Flippantly put, you want -in 1/10- to mean the first 10 you care about
(as otherwise specified) to occur in the data. Fair enough. 

As your examples show, one way to achieve that is to sort them to the
front; then you can pick them off. 

A better way is to keep track of where the observations are, as is
achieved by your use of -sum()-. Although the trickery with -sum()- is
clever, I think I'd always find it faster to use -edit if foreign == 1-
and look at the first whatever (or the last whatever). 

I once tried mimicking -in- in a program without using it directly, and
found it trickier than I wanted, because of the need to support f, F, l,
L and negative observation numbers. I forget the details but they were
not as easy as I hoped. 

Nick 
n.j.cox@durham.ac.uk 

Dan Blanchette

Have you ever wanted to list a selection of observations based on a 
condition but only list say a subset of 10 obs of that condition? 
If so, perhaps you've been frustrated with the fact that:
. sysuse auto
. list  if foreign == 1 in 1/10
lists no observations because in the first 52 observations foreign == 0.
The -in- subsets the data before the -if- condition subsets the data. 
This is the opposite in SAS:

/* WHERE subsets the data before OBS subsets the data */

PROC PRINT DATA= SASHELP.SHOES(WHERE=(STORES < 10)  OBS = 10);
RUN;

So, the above code lists the first 10 observations where (STORES < 10).
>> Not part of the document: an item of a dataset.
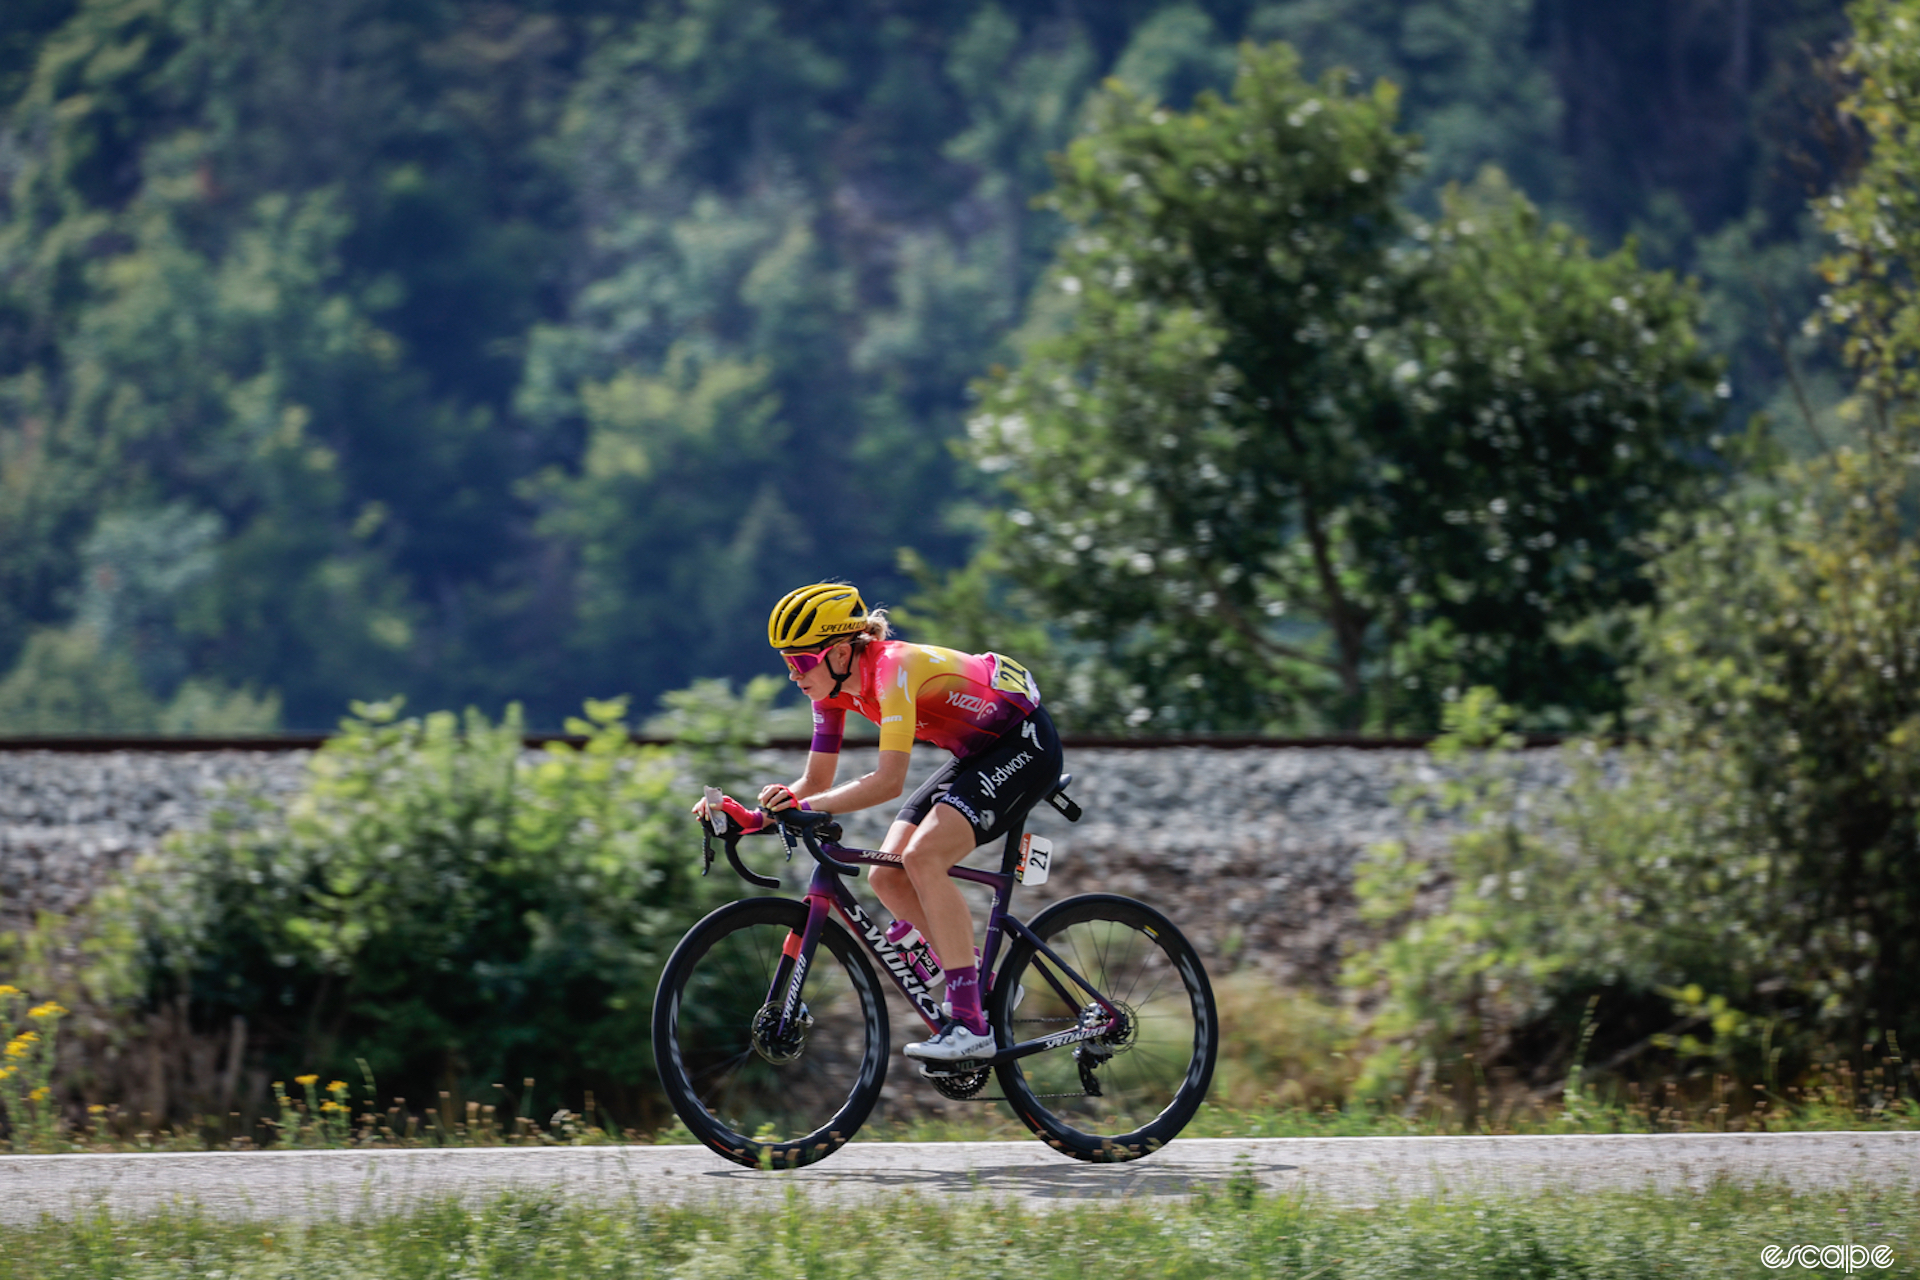 Demi Vollering rides on stage 7 of the Tour de France Femmes. She's alone, with no other racers in the picture, as she rides past a lake.

I can't think of any situation where I would want to know how many
times a certain condition exists in the first X observations.  Do others
ever need to know that?

I figured out a solution where Stata will subset the data to the 
condition and then only list the range of observations I'm interested
in:
. list  if sum((foreign == 1)) <= 10

The "(foreign == 1)" inside the sum() creates a value equal to 1 when
the 
condition is true and then sum() creates a running sum of that.  You can

use the sum() function to subset your data for other Stata commands.

You could get a range of observations as well:

. list  if inrange(sum((foreign == 1)),2,11)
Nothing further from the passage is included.